Teaming up to clean up
Armor plate fabricator implements two-team welding/cleaning process
Like many companies, Ultra Machine and Fabrication Inc., Shelby, N.C., a fabricator of armored military vehicles, believed the welders should clean up their own weldments for spatter, slag, and other discontinuities. But when welders were spending less and less time under the hood, Ultra re-evaluated this philosophy and, as a result, implemented a separate postweld cleaning team.
“To serve those who protect.” It’s not the official motto of Ultra Machine & Fabrication Inc., but it sums up why people enjoy working for the company. At least that’s what Bob Dawson, director of welding, said.
“It’s a joy to be a part of something that we know is saving lives and protecting the men and women who are currently serving [in the military],” Dawson said.
In business since 1989, the Shelby, N.C.-based company has carved a niche by specializing in the forming, fabricating, and welding of armor plate for military all-terrain vehicles. The company has six welding robots in commission, but because of the size of its weldments, which generally weigh about 14,000 lbs., it relies heavily on manual welding processes, primarily flux-cored arc welding (FCAW) with a E71T-1M wire and GMAW-P with stainless steel wire. All of Ultra’s 200 certified welders are qualified to AWS D1.1/D1.1M:2008—Structural Welding Code-Steel; AWS D1.2/D1.2M:2008—Structural Welding Code-Aluminum; Dwg. 12479550—Ground Combat Vehicle Welding Code-Steel; and Dwg. 12472301—Ground Combat Vehicle Welding Code-Aluminum, as well as many other AWS and military codes and specifications.
“The military specifications are a little more detailed and critical than, let’s say, the structural welding code D1.1. It’s more in-depth and has tighter tolerances on the acceptance criteria,” Dawson said.

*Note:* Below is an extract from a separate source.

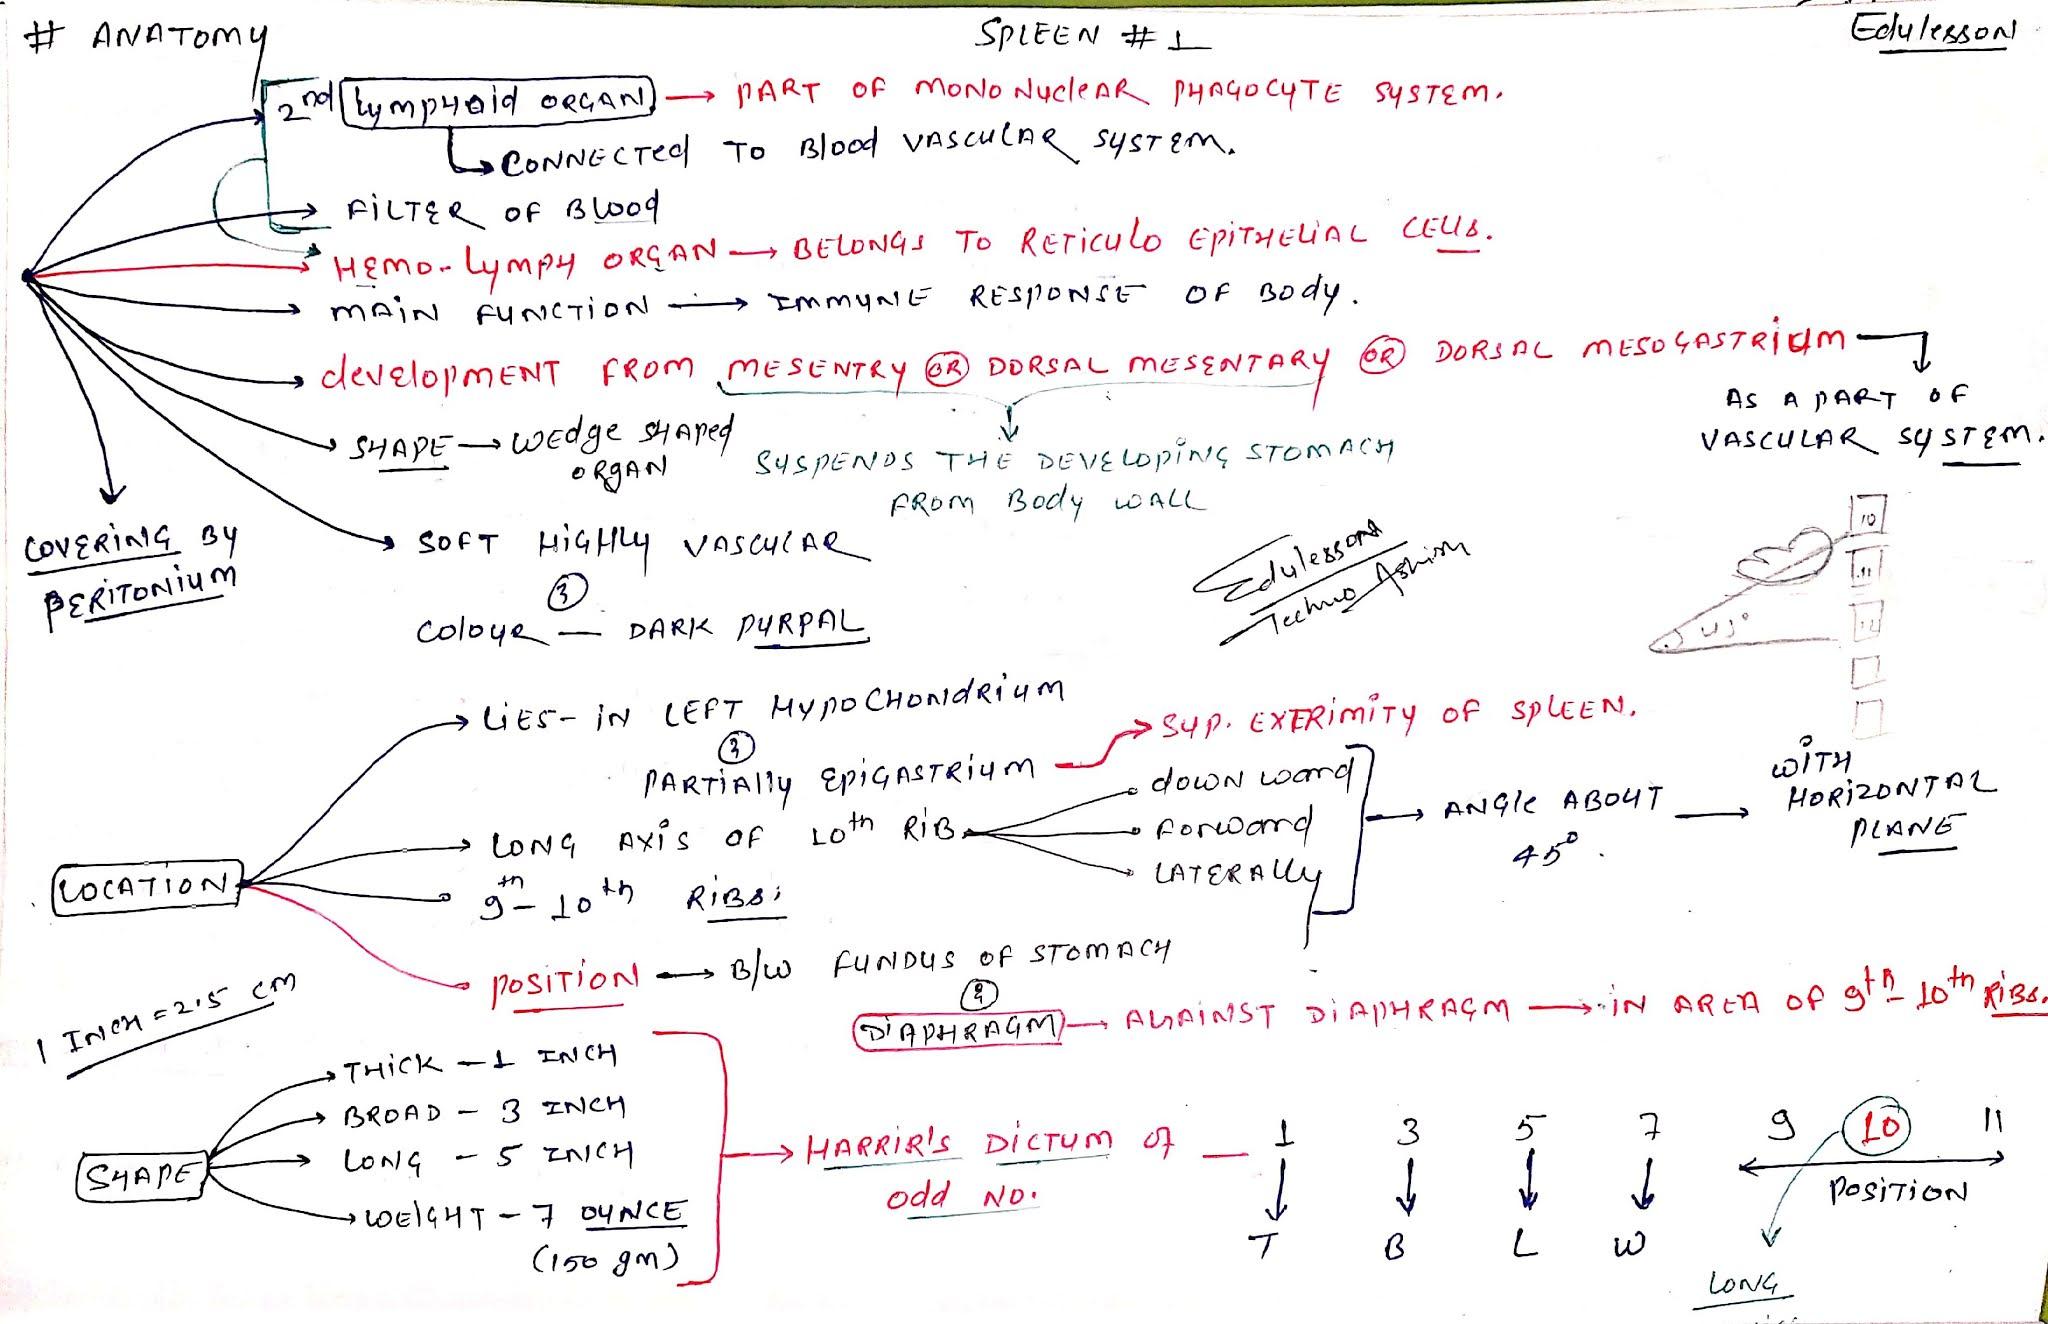 Anatomy of Spleen 1 - About spleen, Location, Shape, Size (EduLesson)

Keeping Welders Under the Hood
Welding armor plate is tricky business, especially given the tight heat input requirements. Regular structural steel components allow for up to 500-degrees-F interpass temperatures. Armored material, however, allows only up to a 300-degree-F interpass temperature. This makes weld sequencing critical to ensure that heat is dispersed properly throughout the part, preventing it from building up in one area. If the heat is not dispersed properly or if the 300-degree-F temperature barrier is broken, the weld is susceptible to hydrogen-induced cracking.

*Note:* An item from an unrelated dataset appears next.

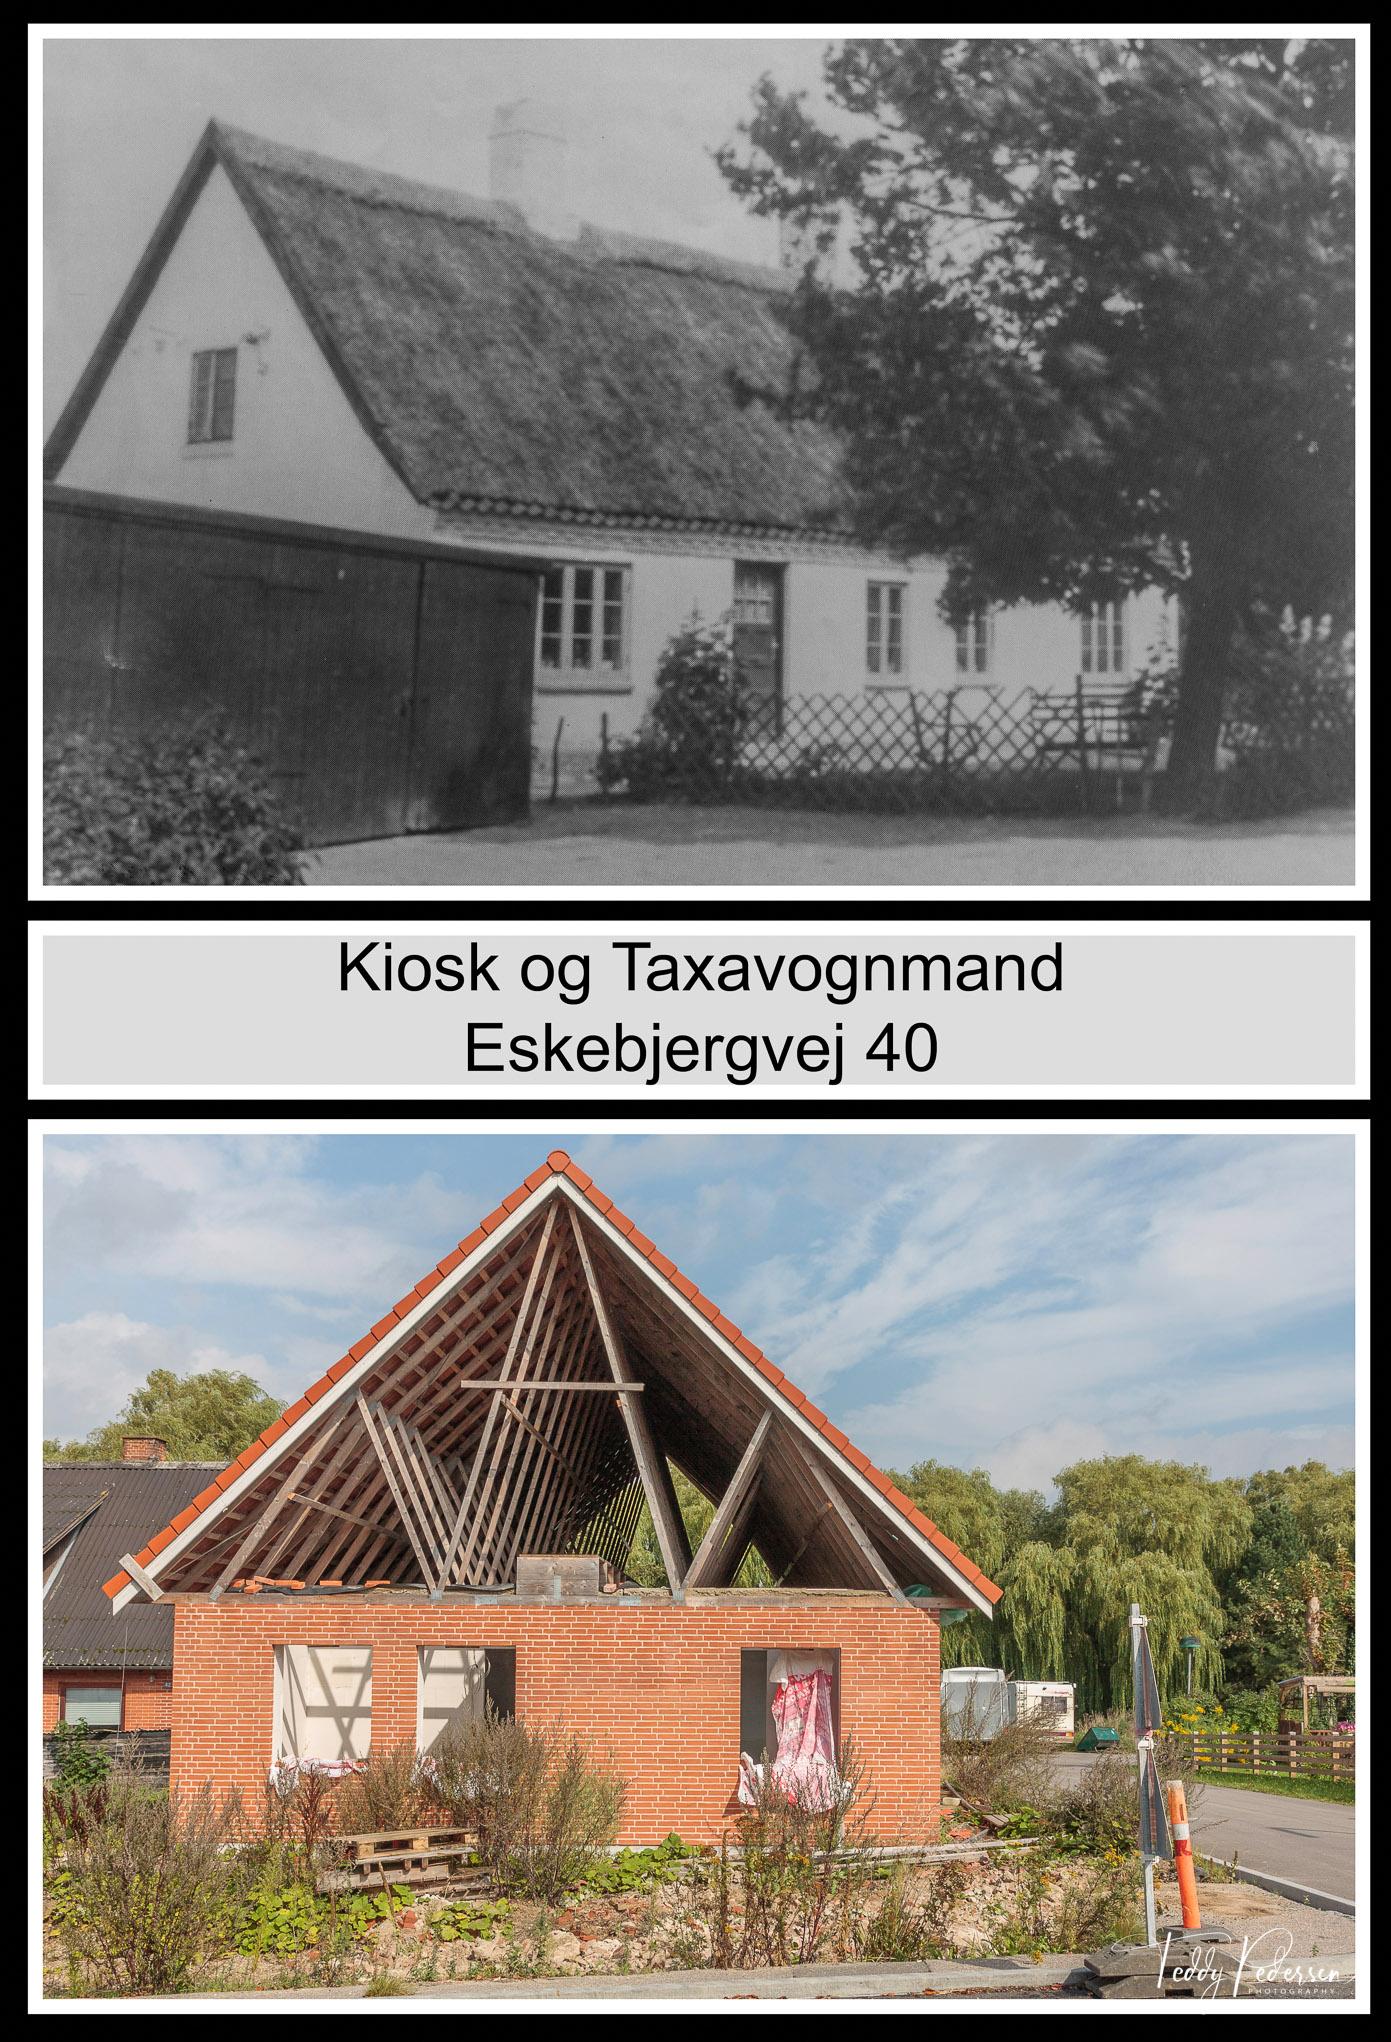 014-013-Kiosk-og-Taxavognmand_HighRes_LowRes

With the lives of servicemen and -women hanging in the balance, acceptance criteria at Ultra are heavily scrutinized. While the integrity of the weld is of the utmost importance, the appearance of the weld and the areas around it also is important.
“The military really pays attention to detail. I’ve been welding for 30 years, and if I see one area of discontinuity or spatter, it forces me to look at the weldment even harder. If I look at a part and it’s immaculate, it won’t get critiqued as thoroughly,” Dawson said.

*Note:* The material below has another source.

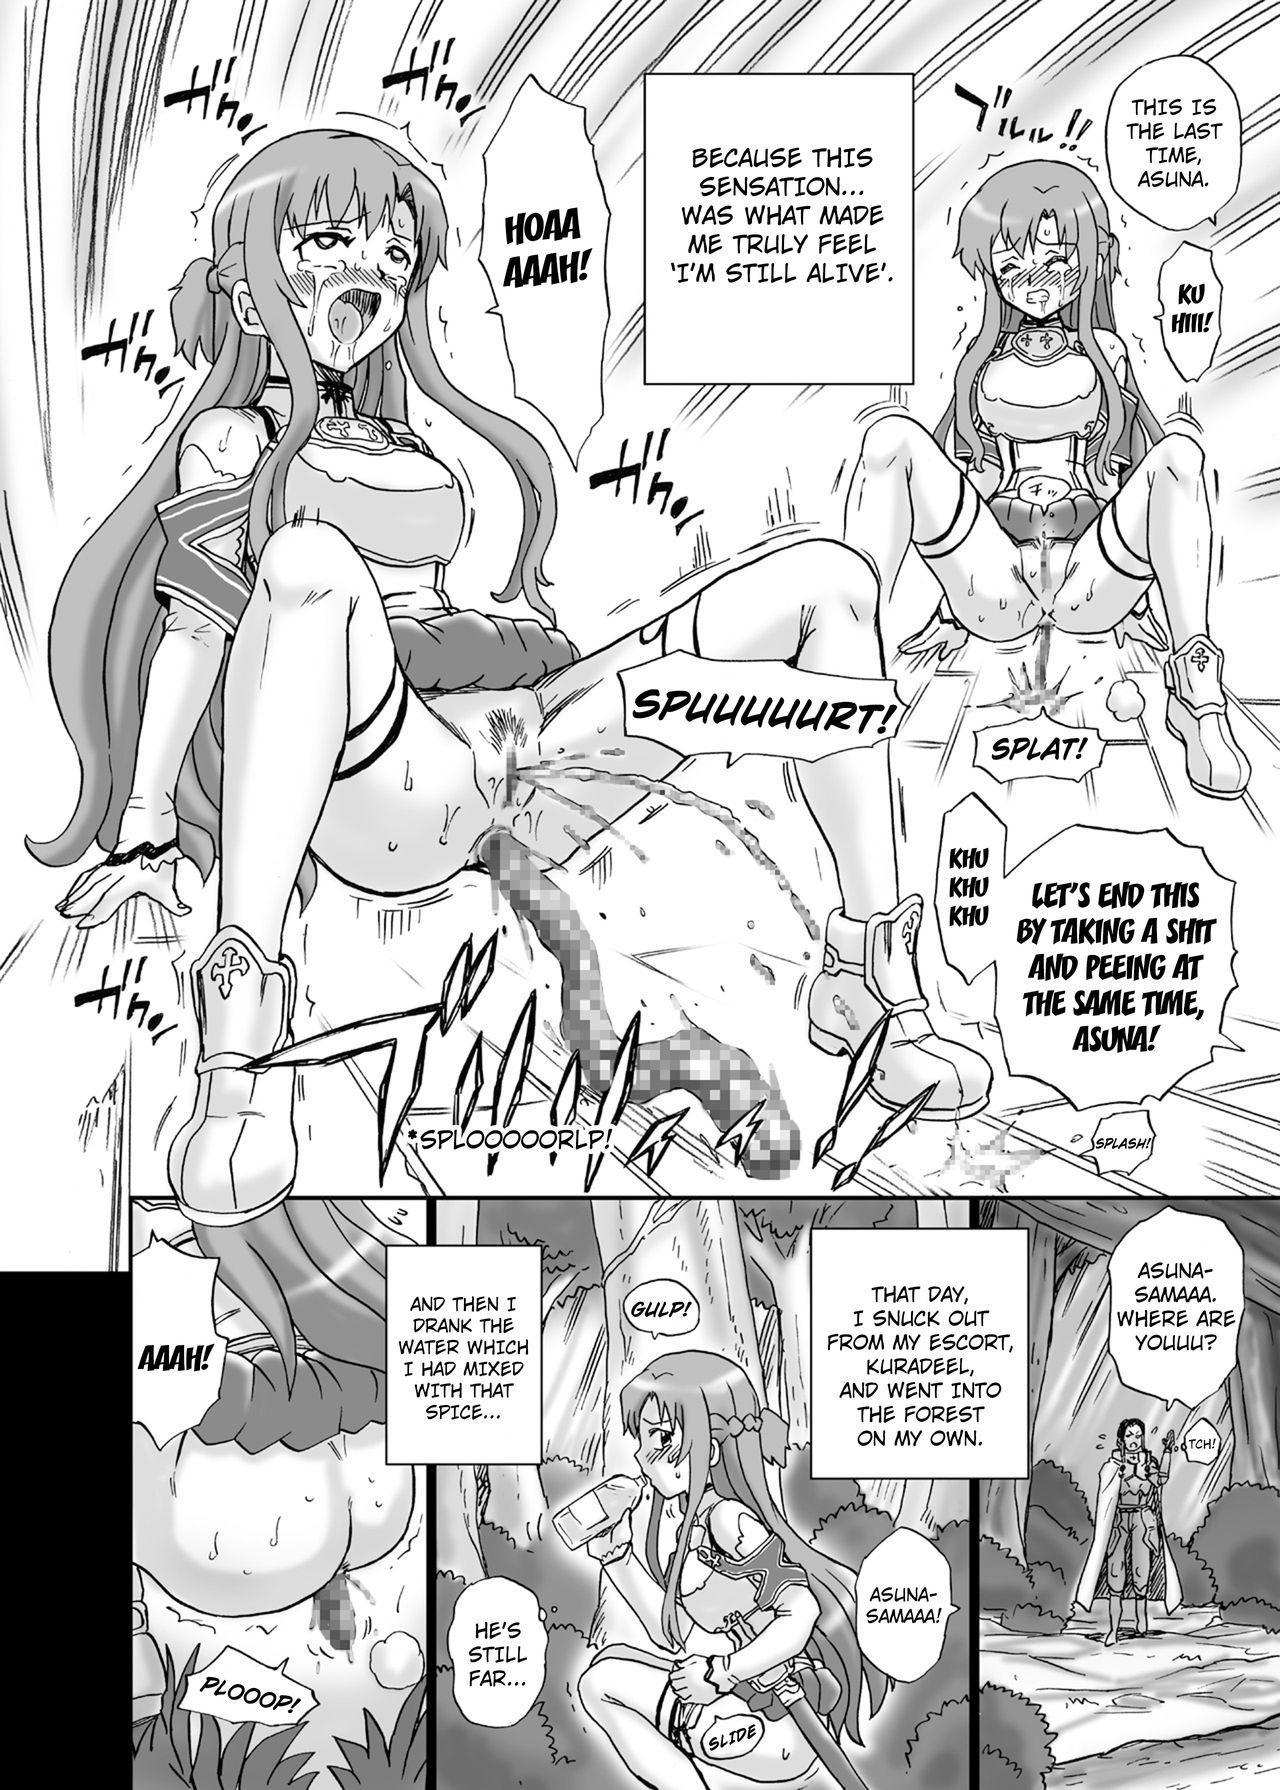 TAIL-MAN ASUNA BOOK 30

Dawson was brought up with the idea that welders should clean up their own welds, and that’s exactly what they did. Welders at Ultra would finish laying a weld, remove their helmet and other PPE, grab their grinding mask and safety glasses, and grind away spatter or other surface imperfections before sending their weldment off for inspection. This wasn’t difficult work, but Dawson and Ultra International Vice President Gary Farmer realized that asking welders to weld and perform postwelding duties was an inefficient practice that took welders away from what they were being paid to do—weld.
“It’s kind of hard to have a highly paid welder operating a grinder when we need him to be under the hood welding,” Dawson explained.
Productivity was suffering as a result of the low arc-on time, but cutting down on postweld cleanup was not an option. This rationale prompted Dawson, Farmer, and others at Ultra to re-examine its operation and develop a practice that would make its welders more productive. That’s when Farmer implemented the two-team welding and cleanup process. The philosophy was simple: Let the welders do the welding, and form a separate crew to perform all postweld processes.
Implementing the process was easy. The company hired an entry-level work force to serve as the cleanup team and put them through a training regimen.
“We already had people on staff who weren’t hired as welders who agreed to do it. We trained them in blueprint reading, geometric dimensioning and tolerancing (GD&T), and symbol reading so they could read a print and know if a weld needed to be profiled and, if so, how to do that,” Dawson said.
The benefits to having a separate cleanup team were immediate. First, it allowed welders to concentrate fully on laying critical weld passes that would stand up to strict military acceptance criteria and pass final inspection. Second, with a higher arc-on time, weld production rates naturally increased. Dawson said that the system, on average, has cut four hours of production time per vehicle.
“When this project first started, it took a four-man welding team approximately 14 hours to complete each vehicle. Once we implemented the two-team process, a four-man welding team completed the vehicle in eight hours and the cleanup team cleaned each vehicle in about two hours. A vehicle comes off the line every 10 hours. I would not be afraid to say that when things are running smoothly, our procedure cuts five to six hours off the entire process.”
The training that the cleanup team received helped them to serve as another layer of inspection of the weldments. If an irregularity is spotted during postwelding processes, the cleanup team is authorized to stop the line and alert the certified welding inspector (CWI). For a recent project in which the company shipped more than 43,000 parts, only one was rejected, “and that wasn’t even due to welding; it was more of a dimensional problem. I think our numbers really speak for us,” Dawson said.
Starting out as a grinder at Ultra is in no way a dead-end job. On the contrary, Dawson noted that 40 to 50 percent of its work force started out as grinders.
“These guys are not just people who run grinders. They are trained in other areas as well, and many of them take the initiative to go beyond that.”